The Journey to HTTPS Everywhere



Cyber security is hot these days. Hardly a day goes by or we hear about another breach or vulnerability. A lot of startups are entering the market to help prevent, detect and mitigate attacks ranging from DDoS to social engineering. Large companies like Akamai release State of the Internet Security reports that give an overview of the growing threat landscape.

Having a secure online environment is becoming increasingly important, and not just for banks. Think about the LinkedIn hack in 2012, when 6 million user credentials leaked online. For publishers and brands, a secure online environment can prevent hacks into their CMS system. Next to that, digital publishers are increasingly collecting data to analyze their audience’s behavior and to build email lists for content distribution. With the rise of companies using personal data, cyber security has become even more important. By paying attention to data security, companies can prevent a huge loss of income and most of all reputational damage.

In April 2014, there was sort of a wakeup call regarding secure internet connections, when the then-latest vulnerability in the OpenSSL library was disclosed. OpenSSL is being used in many products and operating systems to ensure the proper workings for secure connections. This latest incident triggered a lot more attention being drawn towards how secure connections, mainly HTTPS, are configured and used.

POODLE, Heartbleed, OprahSSL, LOGJAM, BEAST, BREACH, CRIME and FREAK. These are a number of vulnerabilities that have been found in secure connection frameworks. It seems that security researchers would also make good marketeers. Next to coming up with these fancy names, they even started to create specific vulnerability websites to make administrators and managers more aware of the risks. As you can see, the website looks like a “campaign website” – it basically tells you what the cause of the vulnerability is and what you can do to prevent it in the future. All with the intent to increase awareness around the subject.

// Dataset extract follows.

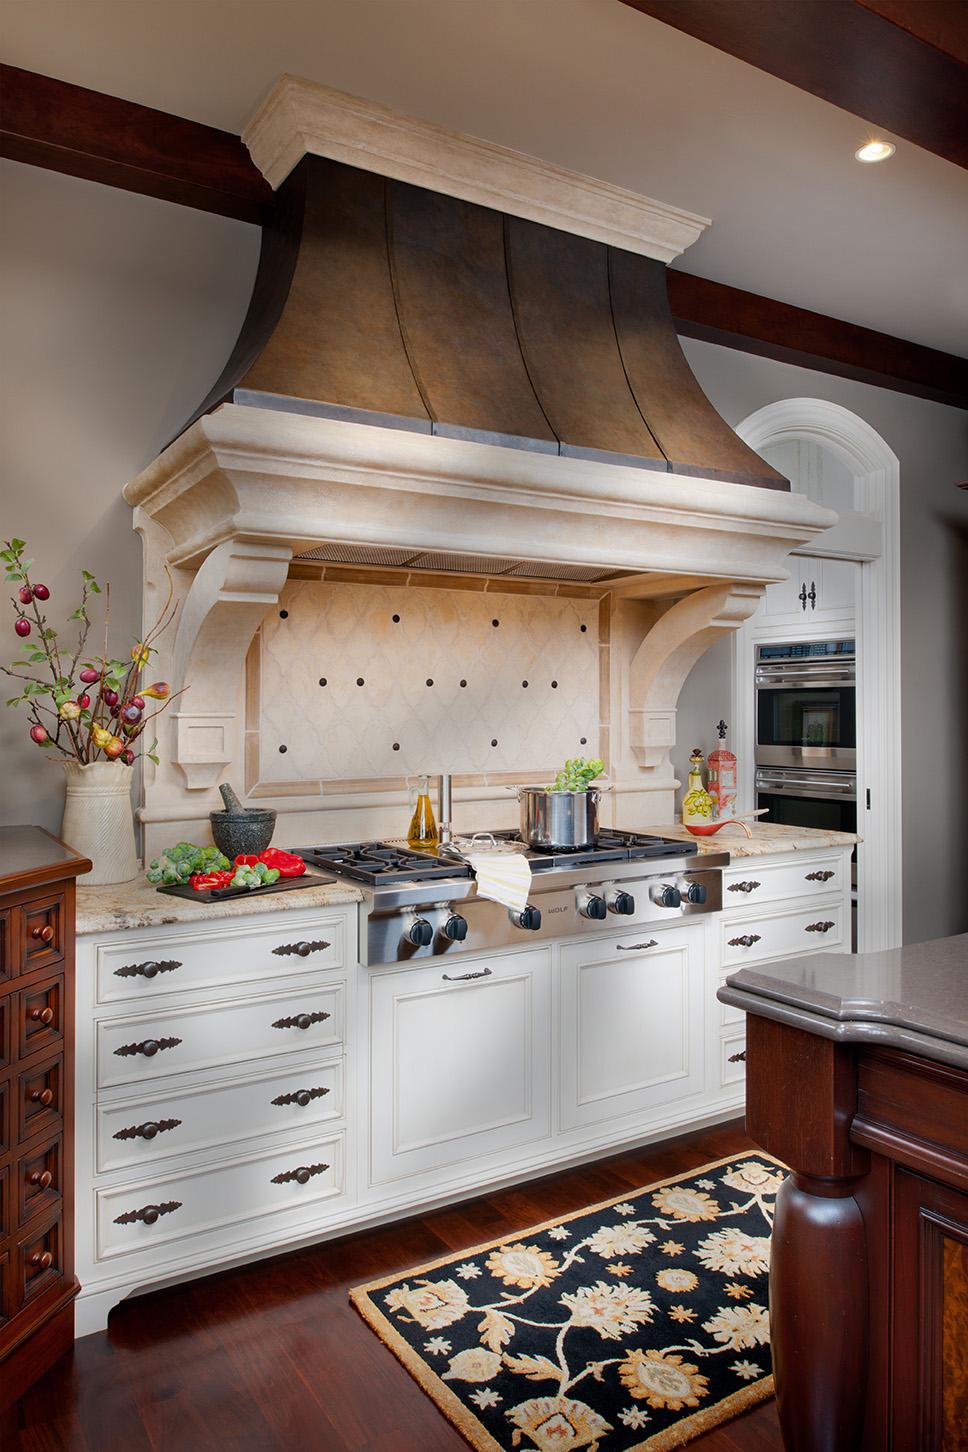 kitchen_bath_concepts_wholehome7_12.jpg

Browsers, Search Engines, and Edward Snowden

Many modern browsers have now also started treating secure connections more strictly. Less secure configurations will soon be blocked or warned about. The Google search engine will start giving secure sites higher scores. Starting January 2017, Google Chrome is even planning to warn users when they want to submit data into insecure sites.

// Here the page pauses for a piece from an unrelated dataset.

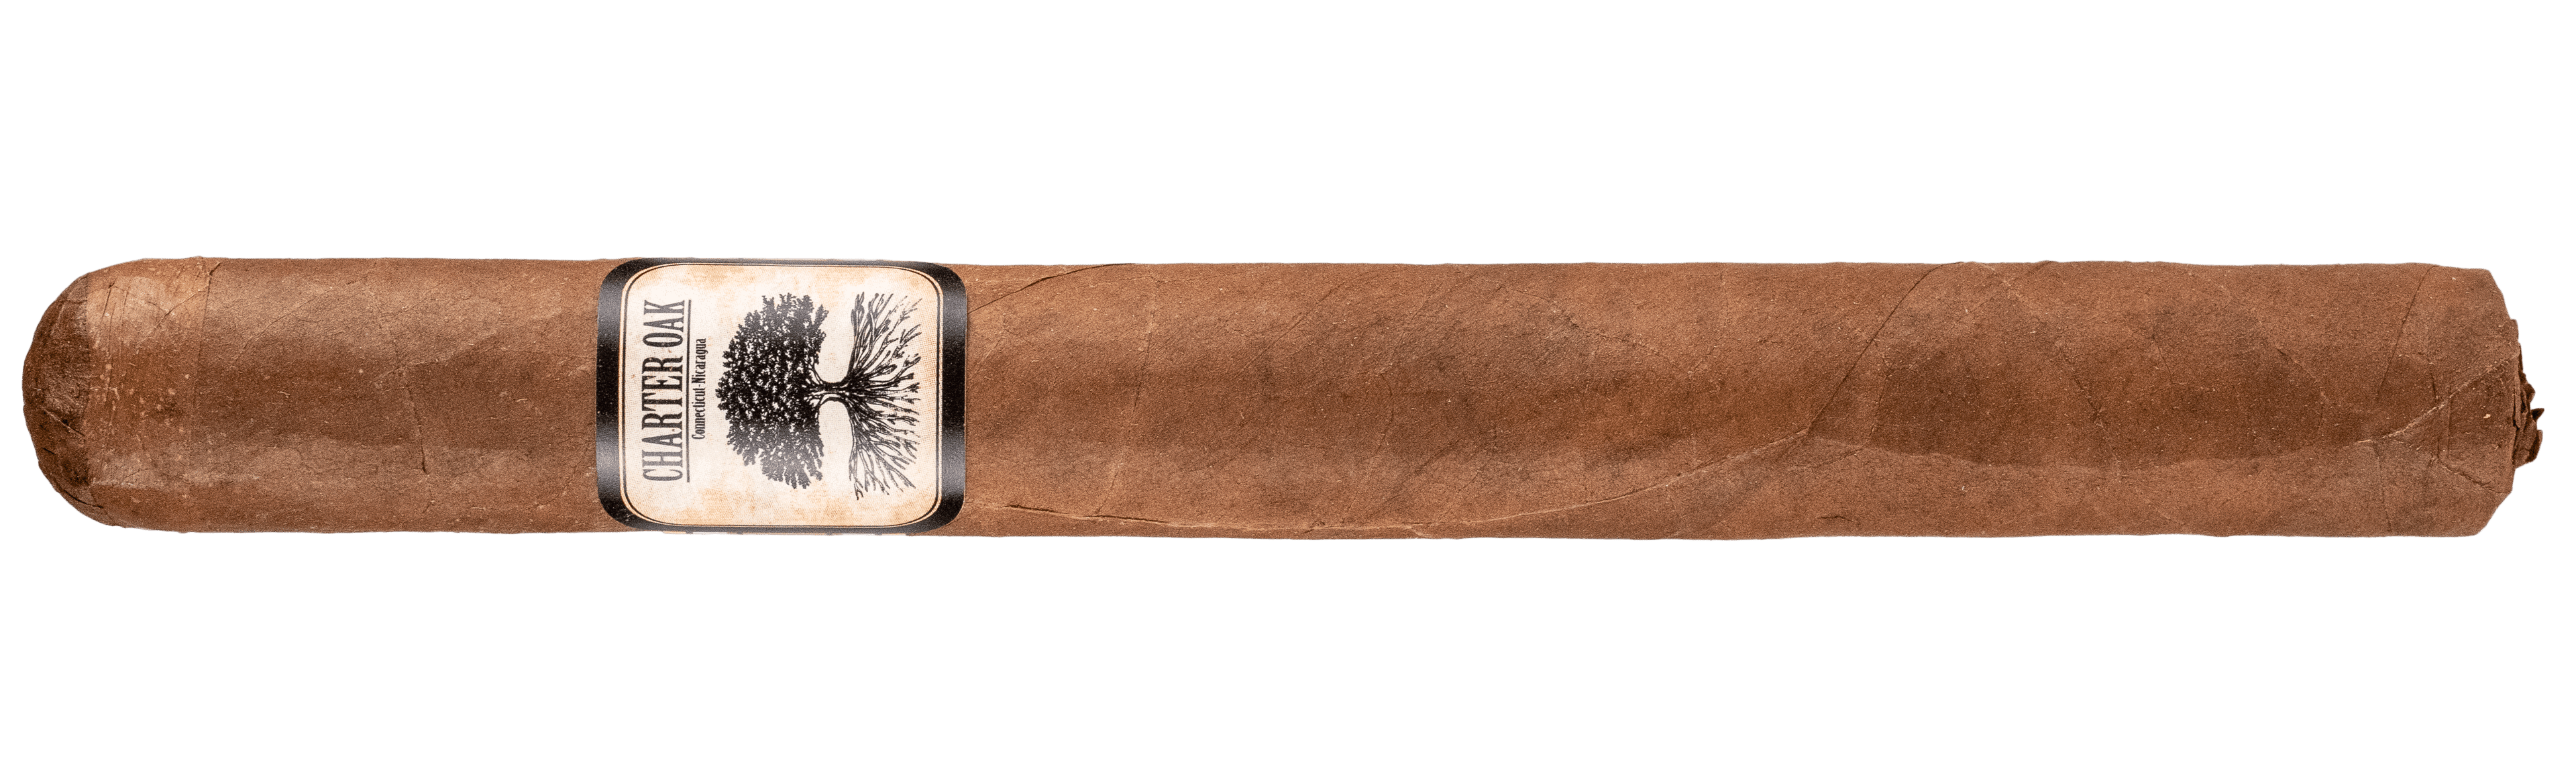 Blind Cigar Review: Foundation   Charter Oak Habano Lonsdale

Next to this, there is another reason many sites and services are using secure connections these days. Next to the obvious benefits to security, there is the big privacy debate. When in 2013, Edward Snowden revealed a lot about what the NSA was doing to spy on people, there was a large surge to start securing more and more connections and data.

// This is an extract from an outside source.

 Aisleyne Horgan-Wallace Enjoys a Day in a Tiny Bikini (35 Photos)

The effect of security on performance

Having secure connections will have a slightly negative impact on performance (such as loading time), as some extra time is required to encrypt (convert data into a code to prevent unauthorised access) and decrypt (decoding it and making it readable again) data. With this in mind, a lot of effort has been put into increasing the performance of the web with security in mind. In February this year, a new standard for HTTP was approved. This new standard is called HTTP2 and allows for faster connections and reduced overhead for loading webpages. All the modern browsers support it with one remark: they will only allow HTTP2 over secure connections. This is an interesting example of how browsers like Chrome and Firefox are stimulating website owners to implement secure connections.

You can find a nice performance comparison here. This demo by Akamai shows you whether your browser supports HTTP2 and then compares loading times between the older and newer protocol.

HTTPS at Crowdynews

At Crowdynews we take security seriously. Many of our services are protected using secure connections. The configuration of these connections is kept in the best shape, without creating problems for our customers by being too strict. We regularly check our configurations by having them tested using the SSL Labs tool provided by Qualys. Our configurations score A or A+, the highest scores possible.

Security in general

However, secure connections are just one piece of the security puzzle. There are many aspects that need to be taken care of to be secure. And even then, there is always the chance that a new method of attack is found.


It is my sincere belief that the attention and focus on both security and performance of the web will only increase over the next months and years. New standards are under consideration, legislation about privacy and security is being discussed and implemented in many countries, and attention is shifting to security in general.

With all those changes, the web will become a better place for end users. HTTPS will be everywhere.